There’s no doubt that Supergirl, CBS’s foray into comics-based TV, is largely a feminist show. The first line the character utters in the series is, “I’m not afraid.” In his review of the show, Matt Zoller Seitz wrote, it’s “aware of the cultural and political implications of everything it’s showing us, whether it’s Kara taking issue with a prototype of a costume with a bared midriff or defeating a brawny, hateful, openly sexist foe by, essentially, destroying his symbolic phallus.” But I still have one nagging question on my mind: Why the hell is Supergirl wearing a skirt?
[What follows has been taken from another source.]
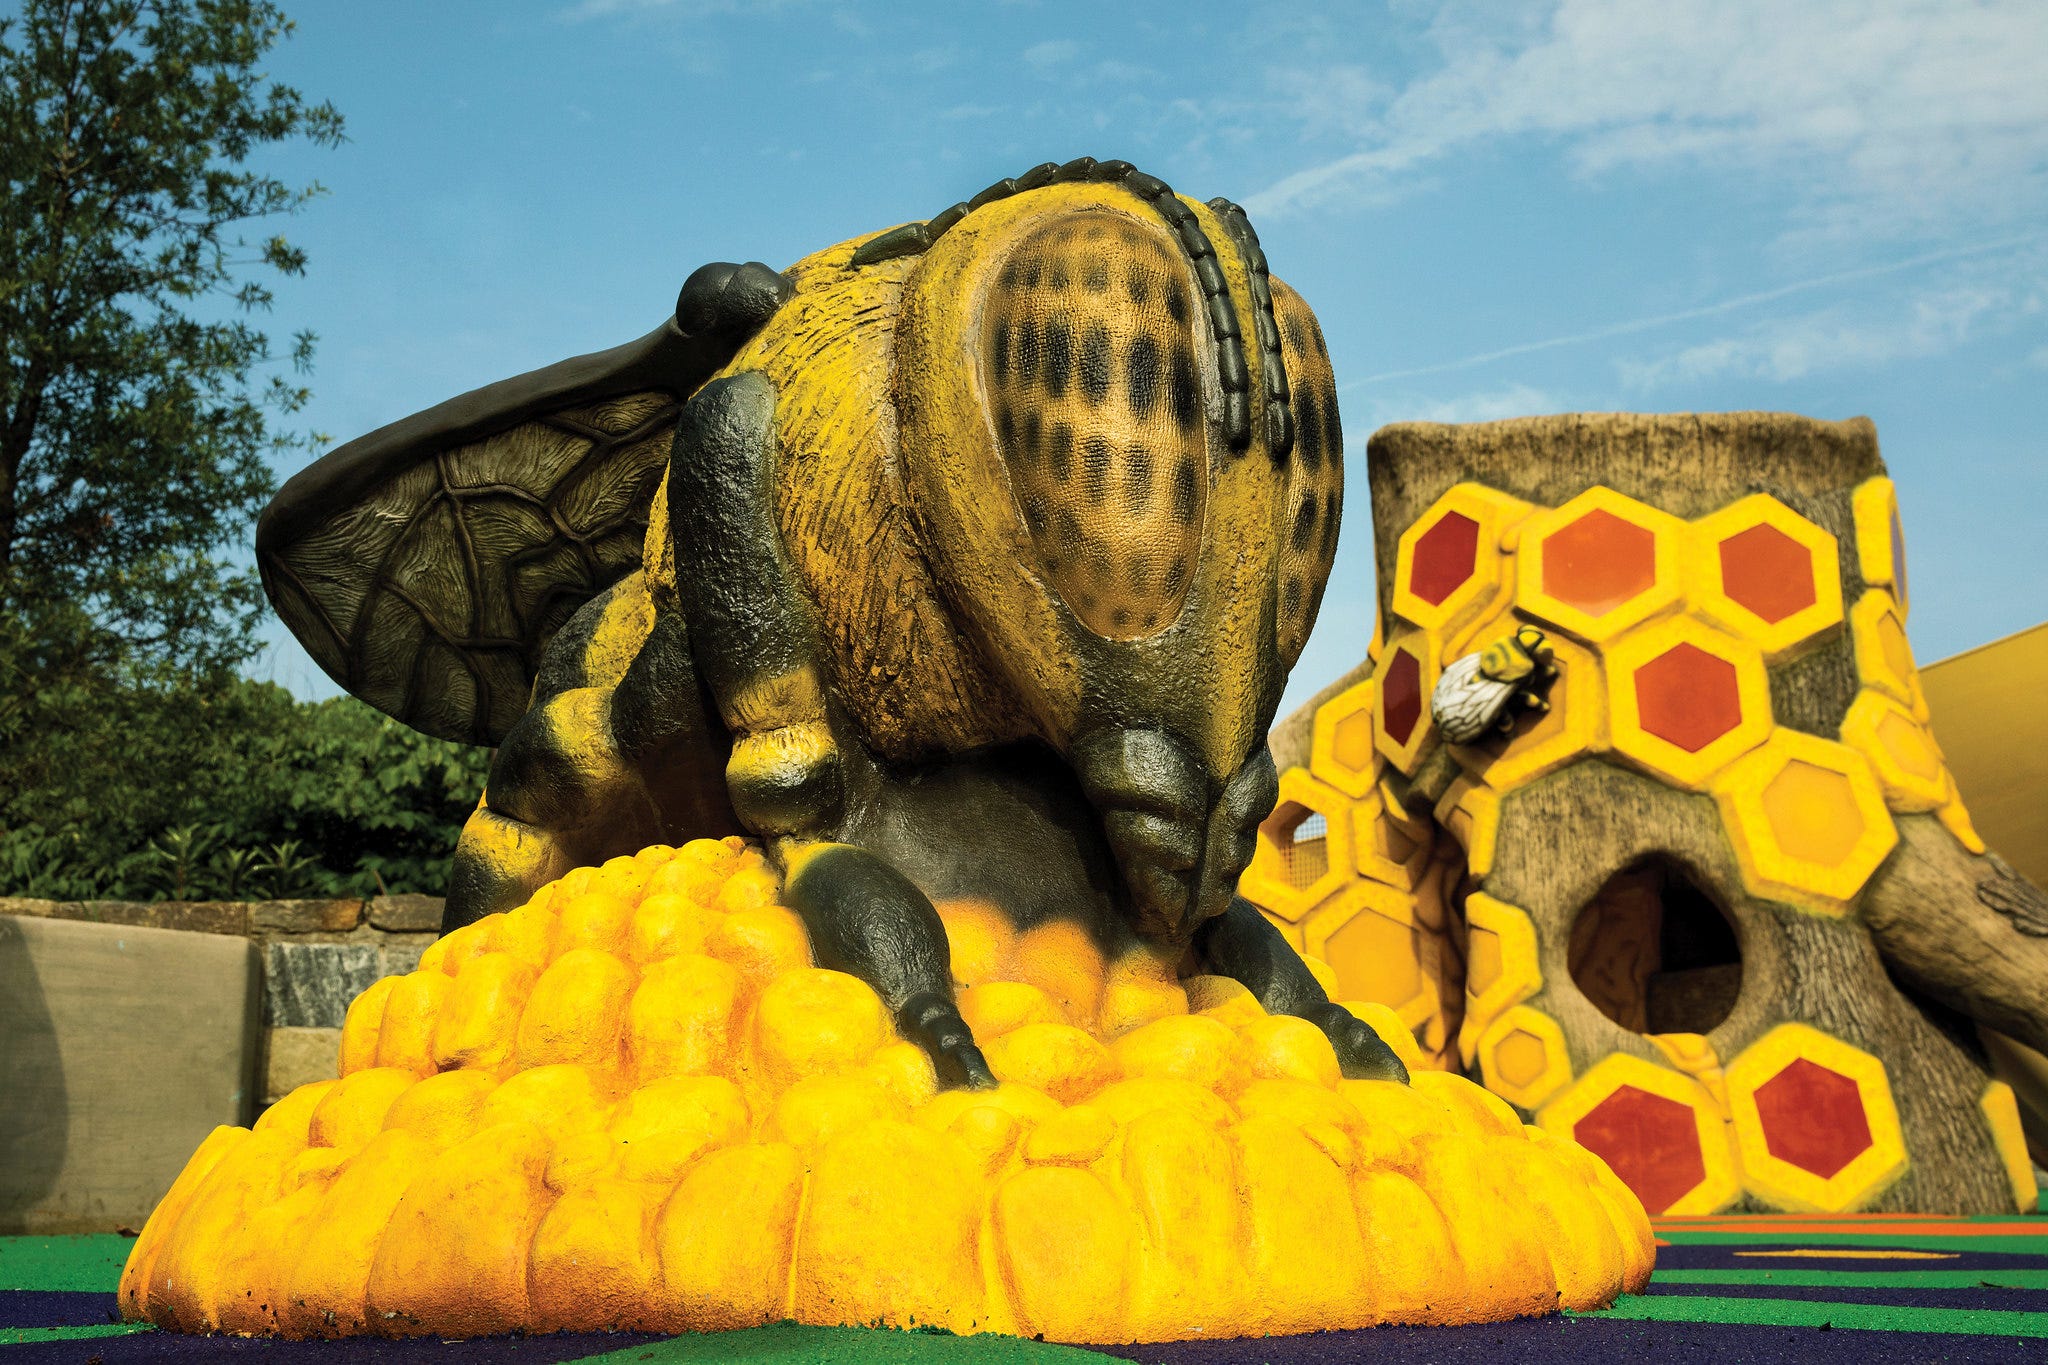 Giant bee scultpure at the Smithsonian National Zoo playground by GameTime

There is nothing fundamentally wrong about a woman wearing skirt; in many — almost any — contexts, it makes sense. Except for one: changing into a skirt to do something extremely physically demanding, like fighting crime and aliens. Supergirl’s costume has long been critiqued and scrutinized, and it’s gone through multiple changes since her debut in 1959. Comics collector and expert Brian G. Philbin laid out an extremely interesting history of Supergirl’s wardrobe with the help of original art submissions from fellow fans and collectors. The first iteration of her outfit had Supergirl, a.k.a. Kara Zor-El, decked out mostly in blue, much like her cousin, Superman. But despite the inclusion of the feminine skirt, the costume was criticized for being all blue, and thus too masculine. The red skirt was a variation on the original theme and became the more iconic look for the character we more often recall, pictured above.
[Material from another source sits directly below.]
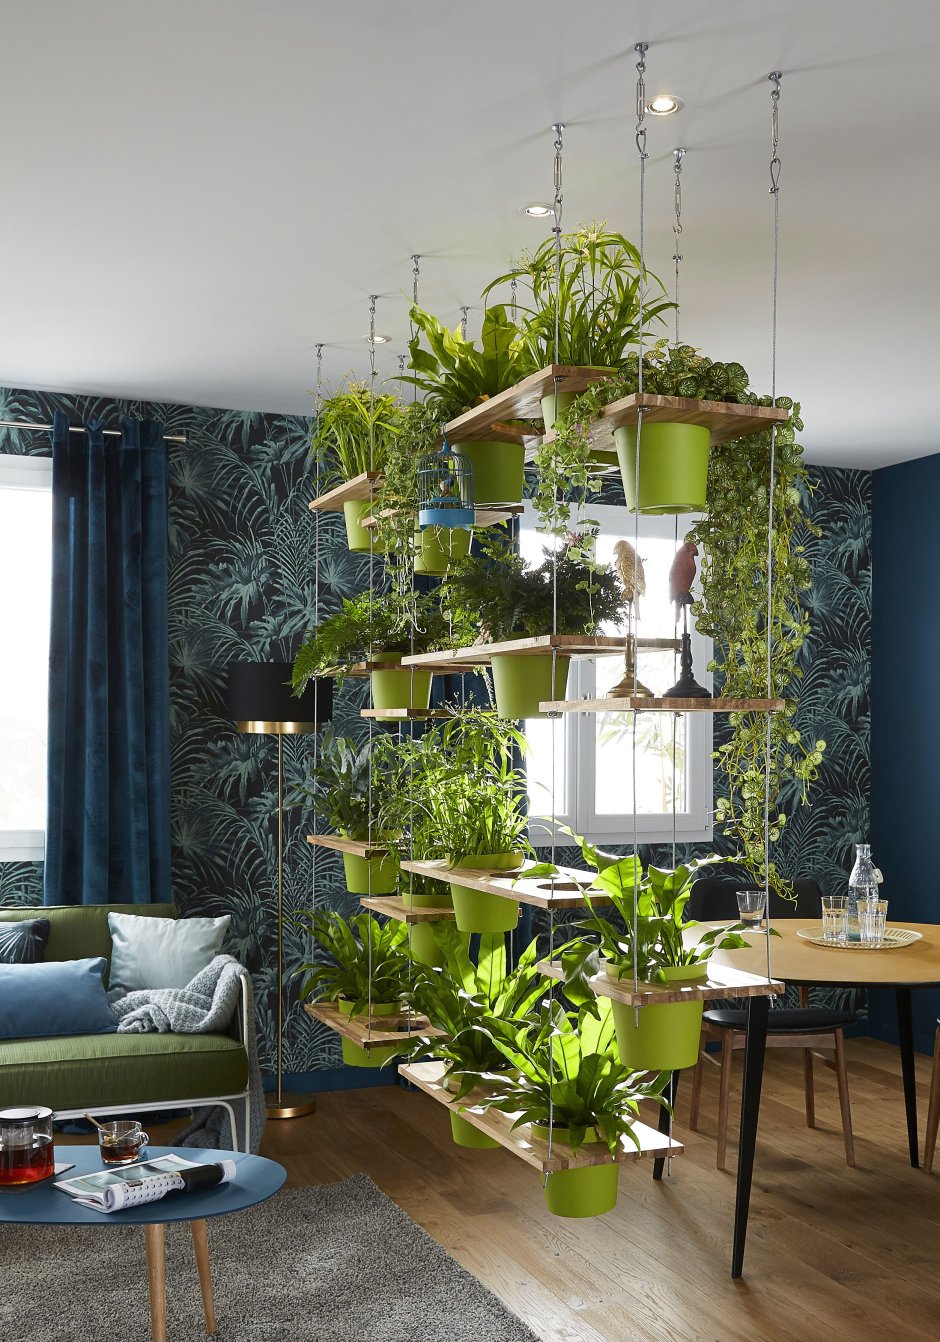 Decor walls with plants

In 1970, Supergirl’s artists and editors were interested in giving her a more modern and “groovy” look. Design ideas from fans came pouring in, some of which heavily incorporated the flared look of the era’s fashions. But what’s most notable about these fan-submitted designs is the inclusion of pants and leggings. By the time feminism entered the conversation, Supergirl’s readers didn’t think their hero required a skirt to (a) be feminine or (b) kick butt.
Throughout the rest of the 1970s and into the ‘80s, Supergirl always sported a combination of blue and red with some yellow trim, but the variations came and went faster than a speeding bullet. There was a bizarre evening-gown design, puffy booty shorts, Peter Pan−esque shoes in place of her boots, a full-body tunic, lace-up ballet slippers, and this unfortunate bathing-suit concoction. The most recent controversy surrounding Supergirl’s outfit came in 2009, when DC Comics editor Matt Idelson declared, “I never want to see Supergirl’s panties again.” Soon after, a pair of red biker shorts appeared under her tiny skirt.
The 1984 film version of Supergirl closely resembles some of the earliest looks, and is probably the vision that pops into most heads when imagining the character. Supergirl’s costume in the new CBS series largely imitates that one, with a few minor tweaks: darker shades, black tights, and higher boots. But the skirt remains.
Melissa Benoist, who plays Supergirl, goes through her own costume transformation over the course of the pilot episode, with the help of her confidant and co-worker Winn (Jeremy Jordan), who designs every stage of her various outfits. First there’s a tight fitting, long-sleeved blue crop top matched with what can only be described as underwear.
“I’m not flying around saving people in this,” Kara tells him. “I wouldn’t wear it to the beach.” Next up: a fuller top paired with a tiny skirt, followed by an iteration that includes the cape and some bright red flat-heeled boots. Her final look adds black tights and, for some reason, wedge-heeled boots.
Many would argue that Supergirl’s skirt is just another example in a long line of female superheroes whose costumes exist solely to titillate male viewers. Projects like the Hawkeye Initiative are wonderful in that they point out how female comic-book characters are repeatedly drawn in an oversexualized way as compared to male characters. But that’s not really the issue here — Kara is perfectly welcome to wear as skimpy an outfit as she likes. This is about the practicality of being Supergirl. There’s a scene in the pilot where Kara does the iconic opening of her button-down shirt to reveal the signature S on her chest. Like Superman, she wears her uniform under her everyday clothes. Are we supposed to believe that she’s sporting her flouncy skirt under the form-fitting office pants she was wearing just the moment before?
Supergirl costume designer Colleen Atwood said in a press release, “In designing Supergirl, I wanted to embrace the past, but more importantly, thrust her into the street-style action hero of today.” “There’s a real love for Americana with Supergirl,” she expanded in an interview with Variety in June, “and I wanted to really embrace that heart of women — there’s enough skin out there in the world.” It’s true that with the addition of black tights, the new Supergirl doesn’t show much skin. And it’s laudable that Atwood wants Kara to be modern, chic, and stylish. Indeed, when she first appears, Kara is sporting a bright red skirt, a nice homage to her character’s roots. But when she’s out in the streets, fighting crime as Supergirl, I really wish she would put some pants on.